My "brief" response to your three questions/comments, Canuckus,
1. Islam is defined by obedience to Muhammad's teachings and worship of no other god but the one he proclaimed, Allah.
It somewhat resembles the Mormonism of Joseph Smith. Satan recycles his lies, with slight changes.
Although there are as many as 1.6 billion expressions of Islam in the world, Muslims are not themselves Islam.
The answer to what Islam is lies not just in what Muslims practice, but in what Islam teaches.
2. The Qur'an never says, "Islam is a religion of peace, nor do the traditions of Muhammad."
Apart from the first thirteen years of Islamic history, when there were not enough Muslims to fight, Islam has always had an elaborate practice or doctrine of war.
No one can claim that "Islam is a religion of peace," i.e., historically devoid of violence, either in its origins or in the history of the global Muslim community.
3. The lie of an Islamic golden age; The myth of Islamic science is widely believed and taught (even in India), - that there was a golden age of Islamic learning that made a major contribution to science and the arts.
Many inventions have been attributed to Islamic inventors, which either existed in pre-Islamic eras or were invented by other cultures.

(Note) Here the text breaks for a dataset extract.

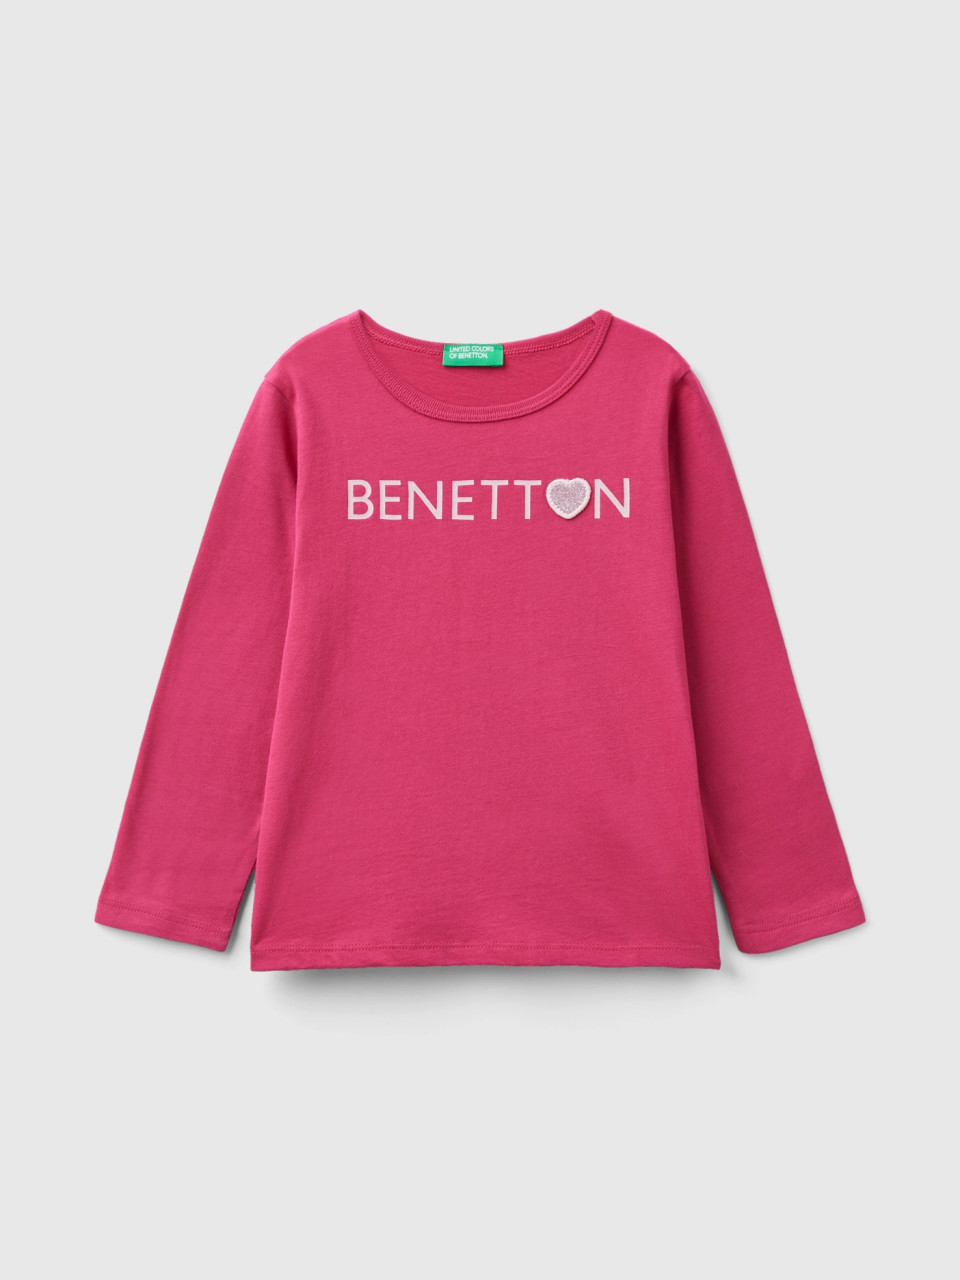 Benetton, Organic Cotton T-shirt With Glittery Print, Cyclamen, Kids

This is historical revisionism.
That is not to claim that Muslims have never invented anything but definitely challenges the idea that Islam is an ideology that actively encourages learning and discovery.
The intellectual flourishing of the Islamic world came about because the territory under Muslim control was inhabited by millions of people representing diverse cultures and languages, not because of the religion that ruled over them.
This "golden" period in question largely coincides with the second dynasty of the Caliphate or Islamic Empire, that of the Abbasids, named after Muhammad’s uncle Abbas, who succeeded the Umayyads and ascended to the Caliphate in 750 AD. They moved the capital city to Baghdad, absorbed much of the Syrian and Persian culture as well as Persian methods of government, and ushered in the "golden age."
A number of medieval thinkers and scientists living under Islamic rule, by no means all of them "Muslims" either nominally or substantially, played a useful role of transmitting Greek, Hindu, and other pre-Islamic fruits of knowledge to Westerners. They contributed to making Aristotle known in Christian Europe. But in doing this, they were but transmitting what they themselves had received from non-Muslim sources.
Canuckus Deploracus wrote:
1. All religions are amalgams of social, political and judicial systems as well as being a belief system. Islam is not unique.
2. No two rrligions are the same... Is there a chart that shows the gradual differentials if various religions? It's morality equates with that of the other Abrahamic religions...
3. All religions have periods of peace and periods of disharmony... Is the author unaware of the Golden Age of Islam?
Was there a question that was left out at the end?